5.1 Review of likelihood ratio test
Before we start testing our null hypothesis, it is worth considering the testability of the hypothesis.^{3} In our approach the constraints in Equation (4) in Sect. 2 are part of the model and therefore the effective number of parameters that are identifiable is the total number of parameters reduced by the number of constraints. In this paper, we formulate the constraints in terms of the cohort effect \(\gamma\) since we will in particular consider the case \(\theta _{r}=\gamma\) in our empirical study. If the test is about one of the period effects we could reformulate the constraints in terms of that period effect (strictly, therefore, a different model). In that way, the constraints are always fulfilled under \(H_0\). In short, the constraints should be chosen such that the null hypothesis fulfils the constraints. In other words, we are testing the null hypothesis that the mortality experience is generated by mortality rates that follow model M7 with the constraints in Equation (4) and \(\theta _{r}=\theta _{r_0}\).
In the reminder of this section we will consider a null hypothesis about the entire parameter vector \(\theta\) setting \(s=0\). In Sect. 7 we will then consider a null hypothesis about the cohort effect \(\gamma\) only, that is \(s>0\).
5.2 Finite sample distribution of LRT
As in Sect. 3, we choose the male population in England and Wales as our base case and set \(\theta _0 = {\hat{\theta }}^{\text{ EW }}\).
 1.
simulate \(D^w_j\) as in (6),
 2.
find the estimate \({\hat{\theta }}^w_j\) as in (7),
 3.
calculate the realisation of the LRT statistic \(\Gamma ^w_j\) as in (18) and
 4.
calculate the pvalue \(P^w_j\) based on the asymptotic \(\chi ^2\)distribution as \(P^w_j = P[X > \Gamma ^w_j]\) where X is has \(\chi ^2\)distribution with \(\alpha\) degrees of freedom.
5.3 Power of the likelihood ratio test
In the last section, we carried out the likelihood ratio test for the parameter difference and found that the \(\chi ^2\) approximation does not fail to capture the feature of the test statistic \(\Gamma ^{w}\) when \(H_0\) holds. We will now investigate how the population size affects the power of LRT. In general, the power of a binary hypothesis is the probability of correctly accepting the alternative hypothesis when it is true.^{4}

\(\theta ^{(1)}=({\hat{\kappa }}_0^{(1)}+\lambda ,{\hat{\kappa }}_0^{(2)},{\hat{\kappa }}_0^{(3)},{\hat{\gamma }}_0^{(4)})\)

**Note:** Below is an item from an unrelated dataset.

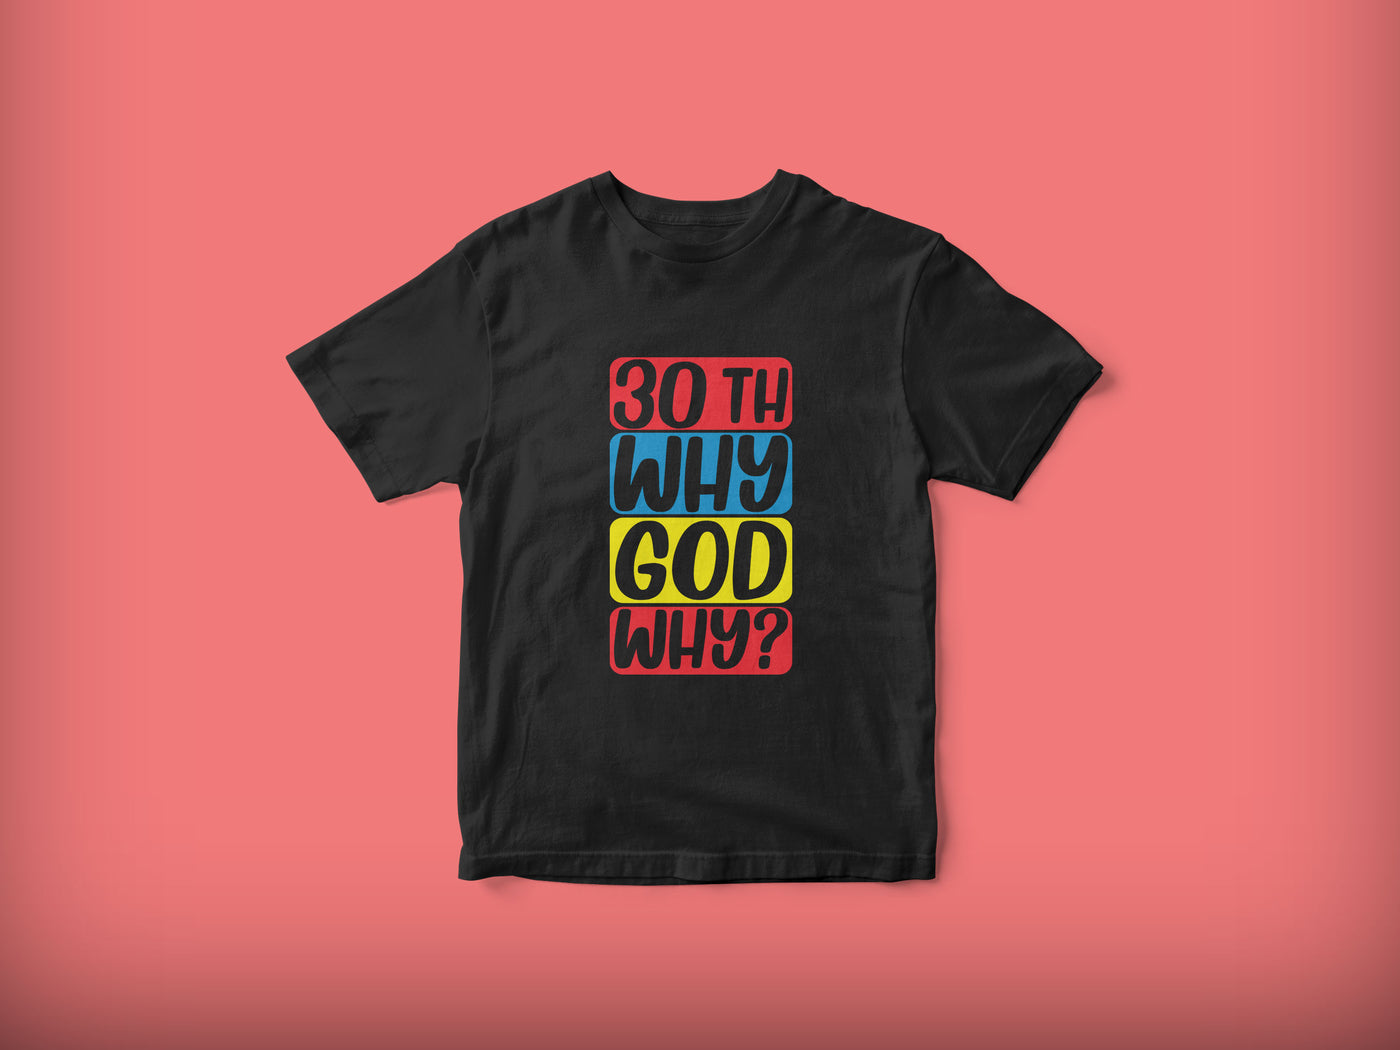 30th Why God

\(\theta ^{(2)}=({\hat{\kappa }}_0^{(1)}, {\hat{\kappa }}_0^{(2)}+\lambda ,{\hat{\kappa }}_0^{(3)},{\hat{\gamma }}_0^{(4)})\)

\(\theta ^{(3)}=({\hat{\kappa }}_0^{(1)}, {\hat{\kappa }}_0^{(2)},{\hat{\kappa }}_0^{(3)}+\lambda ,{\hat{\gamma }}_0^{(4)})\)

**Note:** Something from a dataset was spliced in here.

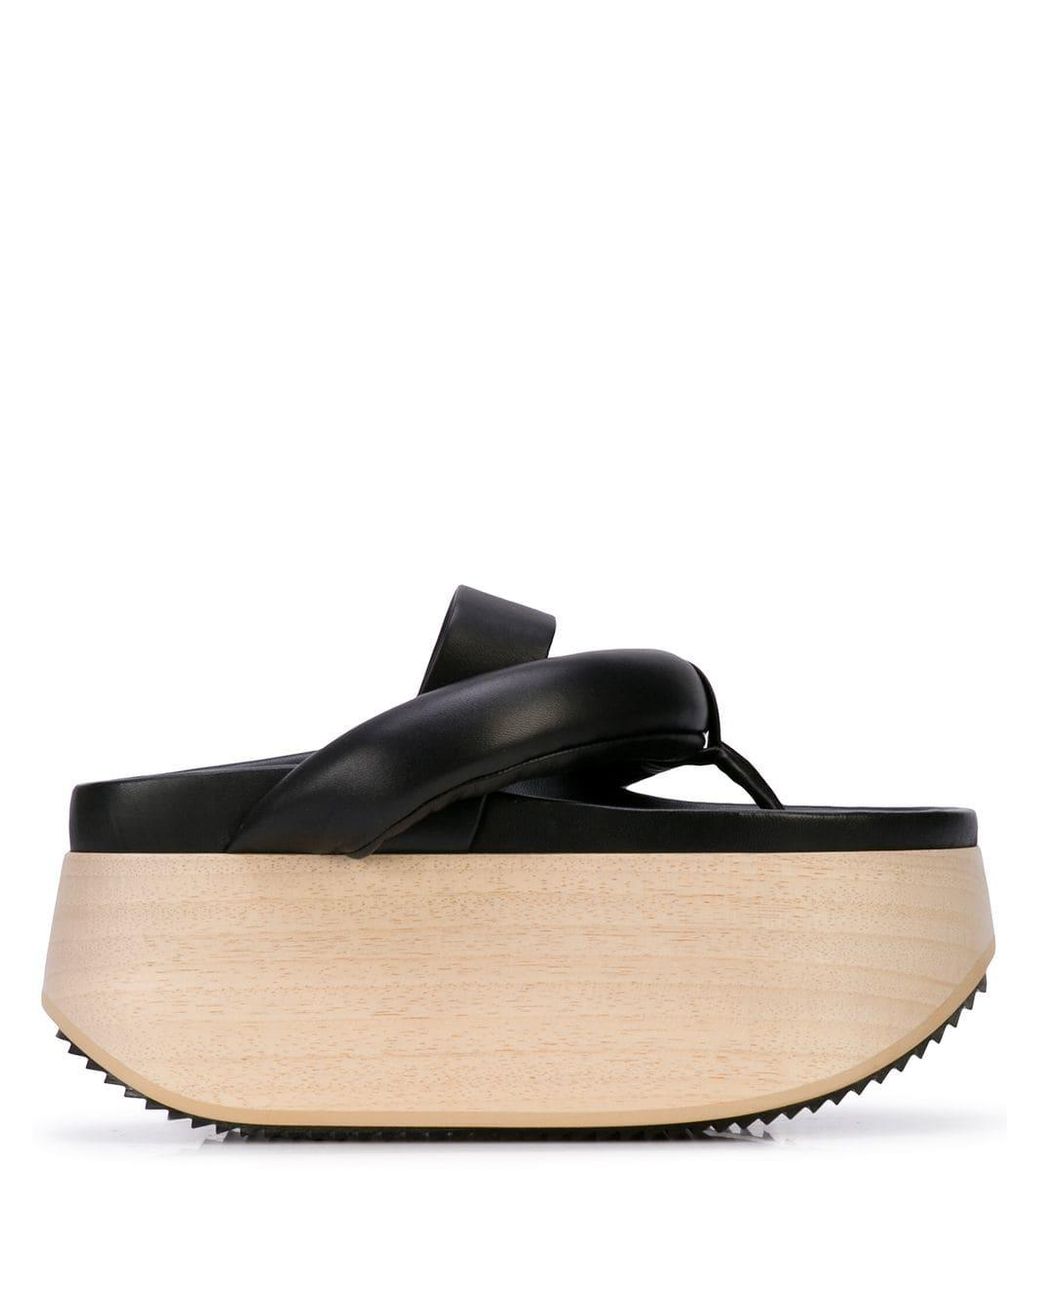 Jil Sander Leather Platform Sandals in Black | Lyst

\(\theta ^{(4)}=({\hat{\kappa }}_0^{(1)}, {\hat{\kappa }}_0^{(2)},{\hat{\kappa }}_0^{(3)},\lambda {\hat{\gamma }}_0^{(4)})\)
Using the simulated death counts \(D_{j}^{w,(i)}\) we obtain the MLE \({\hat{\theta }}_{j}^{w,(i)}\) as in (7). We then use the asymptotic \(\chi ^2\)distribution to test the null hypothesis that the parameters of our model are equal to the parameters obtained from the England and Wales populations. The pvalues \(P^{w,(i)}_j = P^{w,(i)}_j(\lambda )\) are then calculated as in step 4 in the previous section, and the null hypothesis is rejected in any scenario j for which \(P^{w,(i)}_j < 0.05\), that is, the significance level of the test is 0.05.
Then we investigate sensitivity of the power with respect to the size of \(\lambda\) and the size of population w. for each of the four cases, \(\theta ^{(1)},\ldots , \theta ^{(4)}\), we consider a set of values for \(\lambda\) that are regularly spaced.
Unsurprisingly, the power of the LRT is increasing in \(\lambda\) for any \(\theta ^{(i)}\) and relative population size w; the more we shift/scale the null hypothesis, the easier it is for the test to detect any shift/scaling. For the three period effects, decreasing the population size will greatly reduce the capability of LRT to detect the same amount of shift to a single parameter. We can also compare these plots with the earlier Fig. 2 which includes distributions of parameter estimates resulting from sampling variation. By way of example, for \(w=0.01\) the width of the confidence interval in Fig. 2e for \(\kappa ^{(3)}_{t,w}\) is about 0.005. This is much larger than the shifts that are considered in the power plot in Fig. 12. The reason why the latter values are so much lower is because we apply a systematic adjustment to all of the \(\kappa ^{(3)}_{t,w}\), in contrast to random adjustments (due to sampling variation) in the former.
6 Impact of parameter misspecification on mortality rates and annuities
The table contains the size of shift required for 50\(\%\) power when each parameter is shifted separately, with respect to population \(w=1,0.1,0.01\)
Parameter shifted  \(w=1\)  \(w=0.1\)  \(w=0.01\) 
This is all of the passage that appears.